A few weekends ago, I bingewatched on 13 Reasons Why. After watching the show, I just stopped feeling. I just wanted to curl in my bed away from the world and just let the days go by. The theme was very heavy because it deals with teen suicide and how high school can really mess you up. I can also relate because I felt how Hannah felt. During high shcool, I also had my share of rumors that followed me. We were not mature then and lacked the sense of foresight of seeing consequences. People can be harsh and not everyone has the mental strength to overcome the full force of human cruelty.
I am lucky that I survived with just a few bruises, but what does not kill you makes you stronger. The flipside is that they leave mental scars — memories. You cannot forget the experience you went through. You just hope and pray that you never get in that hell again.
When you were younger, it was easier to make friends. You were forced to be with people in the same place with a common purpose. But, when you become older that becomes more difficult even in similar circumstances. We have a stronger sense of our selves where we know that it’s not gonna work out. You are not forced to be with this person so you can choose to use your time for other things. It becomes easier to dismiss relationships because we can. You know that if this person is not with you, you will be okay.
What brought this about? Three instances. The first is with friends falling out. There are just friendships that as you grow older, you realize it’s not working out. You two are just too different. You don’t know this person anymore and sometimes you realize that you’re just keeping the relationship for the sake of history. If you just know this person today, you know that he won’t be your friend.

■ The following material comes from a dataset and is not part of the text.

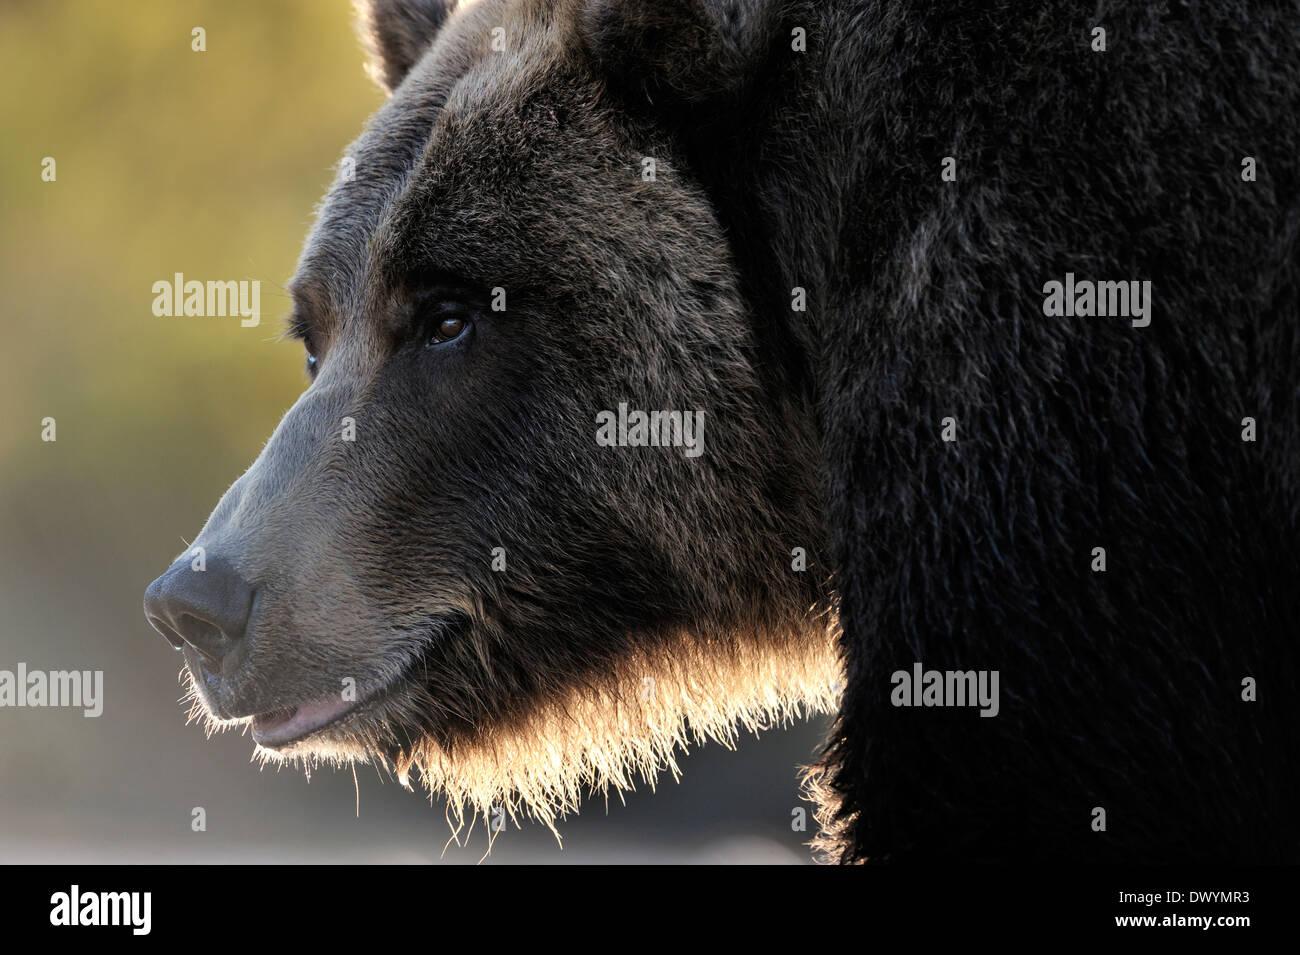 Oso grizzly (Ursus arctos horribilis) retrato con luz de fondo. Foto de stock

Second is with building friendships. I have this mindset that if the two of us share some interests or values, we can be BFFs. It does not work that way because it takes two to tango to make a friendship. The gravity of the relationship also depend on that. In my situation, I think I am interested in this person too much than I should be. And, clearly, he’s not. So I feel like I’m always chasing and putting all the effort in building something. I hate that feeling.

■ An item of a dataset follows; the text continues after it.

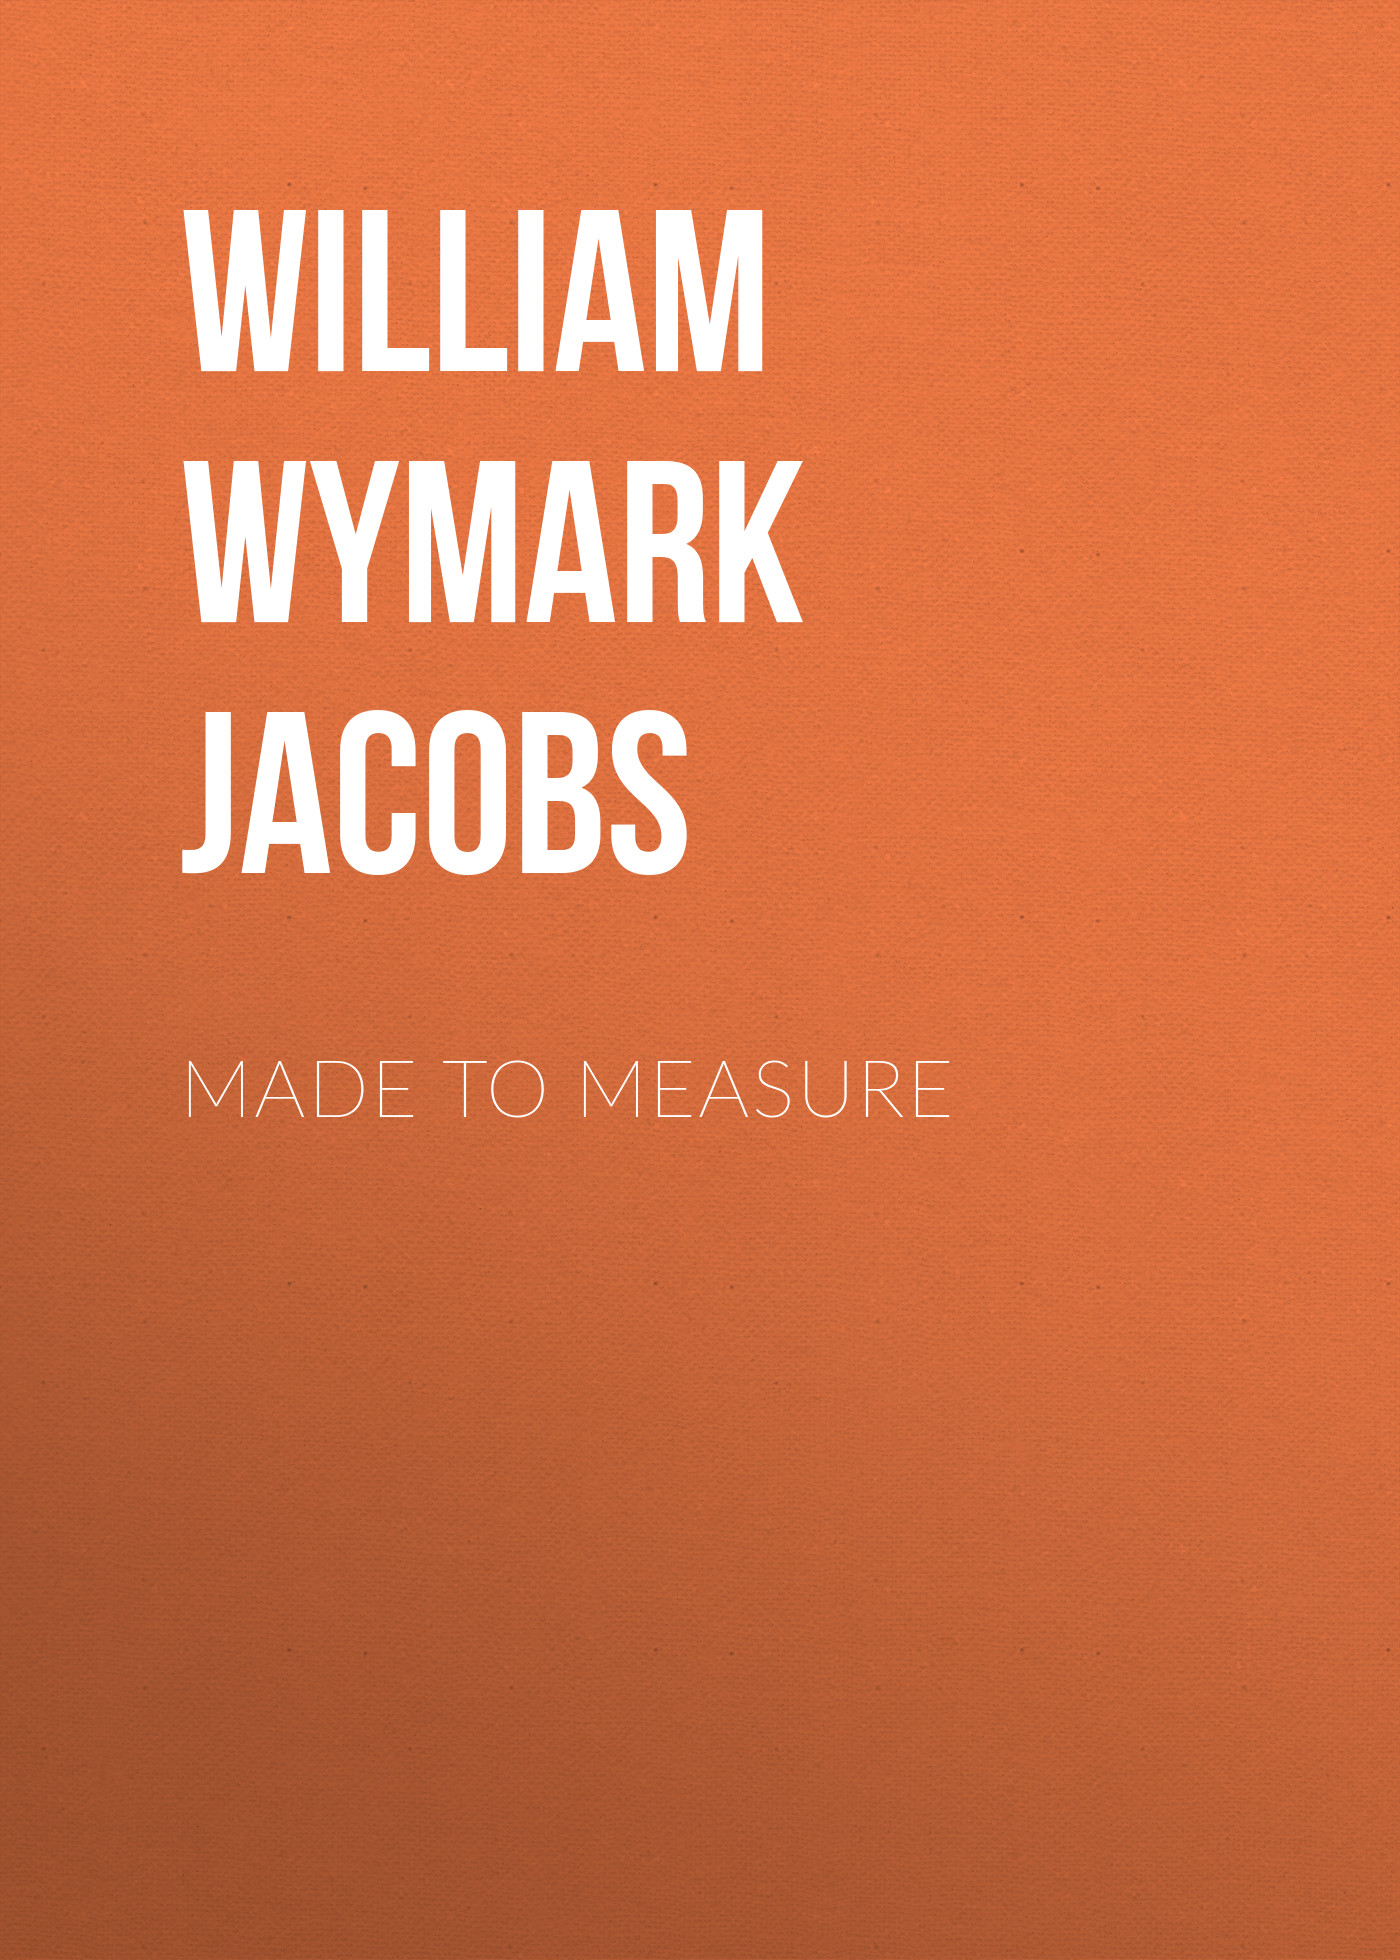 лучшая цена William Wymark Jacobs Made to Measure

The last point is with regards to the price of admission. I learned this idea first from Dan Savage. He explained that in a relationship, there are things you choose to accept for the sake of maintaining that relationship. No one is perfect and there are some things that would annoy the hell out of you, and you accept that he’s that way. Believe me, I think of that all the time. Also, I expect them to think that way about me. I am not perfect. I have ideas and habits that can be annoying as shit. But, the adult thing is that you sleep on it and you take a deep breath. The friendship is so much bigger than your pet peeve.